By Cyprian AaronsUpdated 2026-04-22
vector-search-returning-irrelevant-results-when-scalingcrewaipython

When CrewAI starts returning irrelevant vector search results as your corpus grows, the usual meaning is simple: your retrieval layer is no longer matching the right chunks to the right queries. This shows up after you move from a few documents to hundreds or thousands, or when you switch embedding models, chunking rules, or vector stores without retuning retrieval.

In practice, the issue is almost never CrewAI itself. It’s usually bad chunking, stale embeddings, weak metadata filtering, or a retriever configured for small datasets.

The Most Common Cause

The #1 cause is chunking that was fine for a small dataset but breaks down at scale.

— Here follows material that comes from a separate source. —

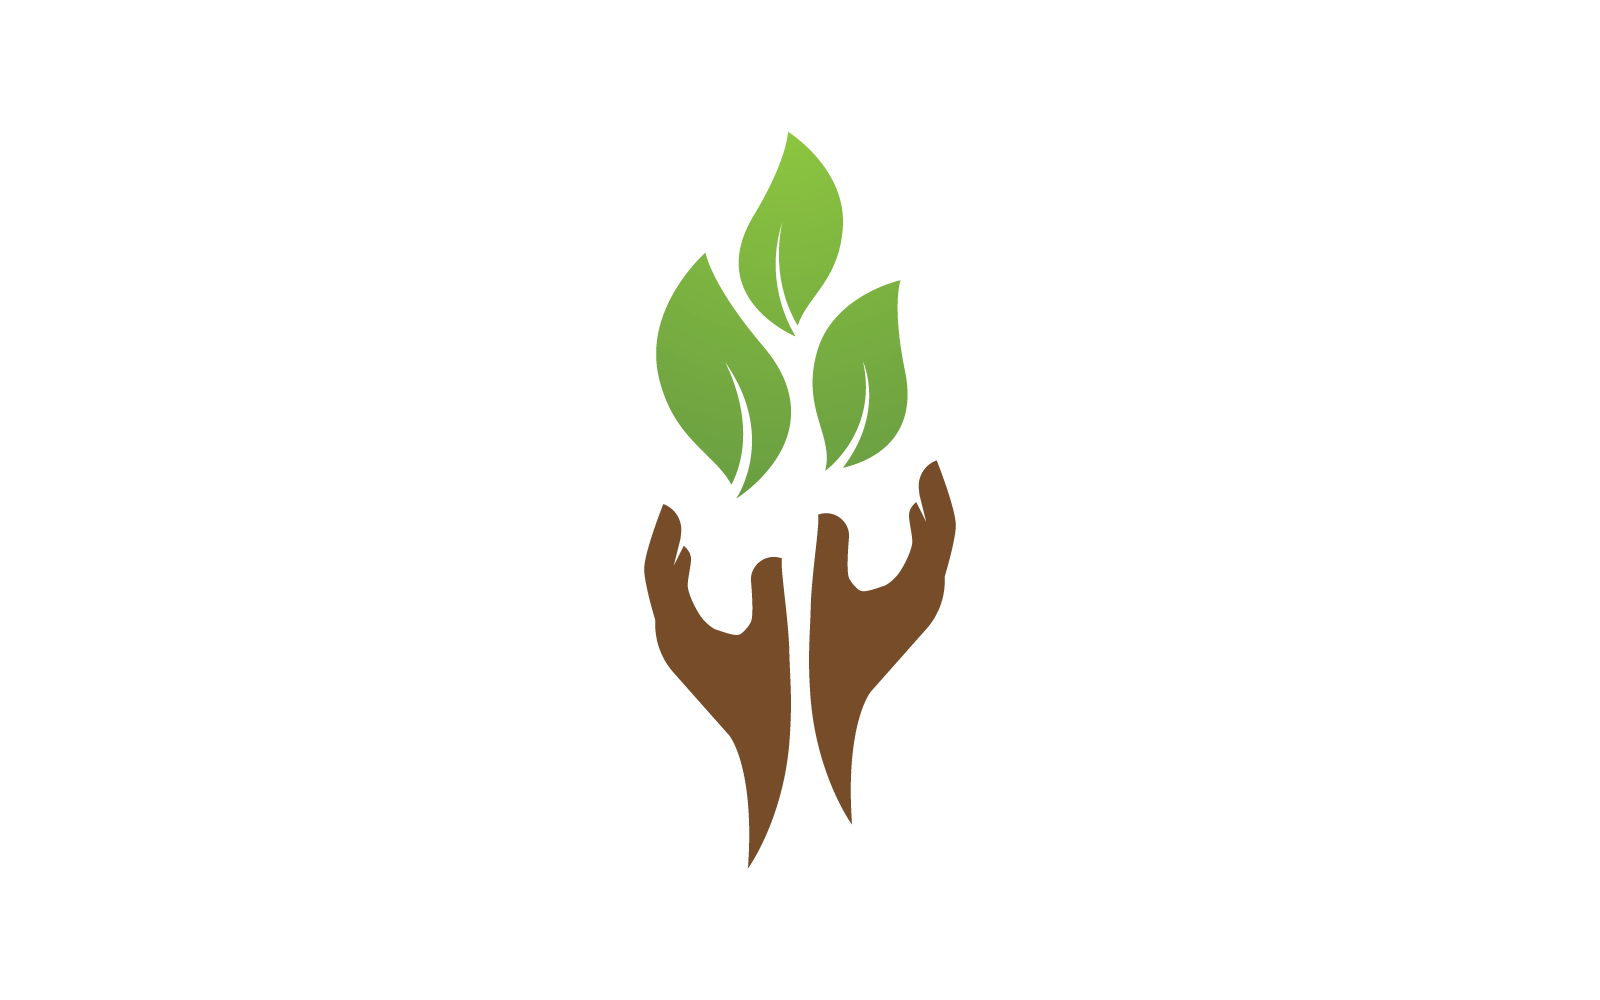 Save nature ecology logo hand and leaf design illustration Logo Template

If your chunks are too large, too small, or split without overlap, similarity search starts pulling in semantically noisy matches.

Here’s the broken pattern I see most often with CrewAI + RAGTool + a vector store:

Broken patternFixed pattern
Large chunks with no overlapSmaller chunks with overlap
Embeddings generated once, then content changesRe-embed after every document update
Generic retrieval settingsTuned k, metadata filters, and chunk size
# BROKEN
from crewai import Agent, Task, Crew
from crewai_tools import RAGTool
from langchain_text_splitters import RecursiveCharacterTextSplitter

splitter = RecursiveCharacterTextSplitter(
    chunk_size=2000,
    chunk_overlap=0
)

docs = splitter.split_text(open("policy.txt").read())

rag = RAGTool(
    knowledge_sources=docs,
    # default retrieval settings
)

agent = Agent(
    role="Insurance Analyst",
    goal="Answer policy questions",
    tools=[rag],
)

task = Task(
    description="What does the cancellation clause say?",
    agent=agent,
)
# FIXED
from crewai import Agent, Task, Crew
from crewai_tools import RAGTool
from langchain_text_splitters import RecursiveCharacterTextSplitter

splitter = RecursiveCharacterTextSplitter(
    chunk_size=800,
    chunk_overlap=120
)

docs = splitter.split_text(open("policy.txt").read())

rag = RAGTool(
    knowledge_sources=docs,
    # tune retrieval if your tool/vector store supports it
    top_k=5,
)

agent = Agent(
    role="Insurance Analyst",
    goal="Answer policy questions using only retrieved context",
    tools=[rag],
)

task = Task(
    description="What does the cancellation clause say?",
    agent=agent,
)

Why this fails at scale:

  • A 2,000-character chunk often contains multiple topics.
  • Similarity search grabs the “closest” topic inside the blob, not the exact answer.
  • With more documents, false positives increase because everything looks vaguely similar.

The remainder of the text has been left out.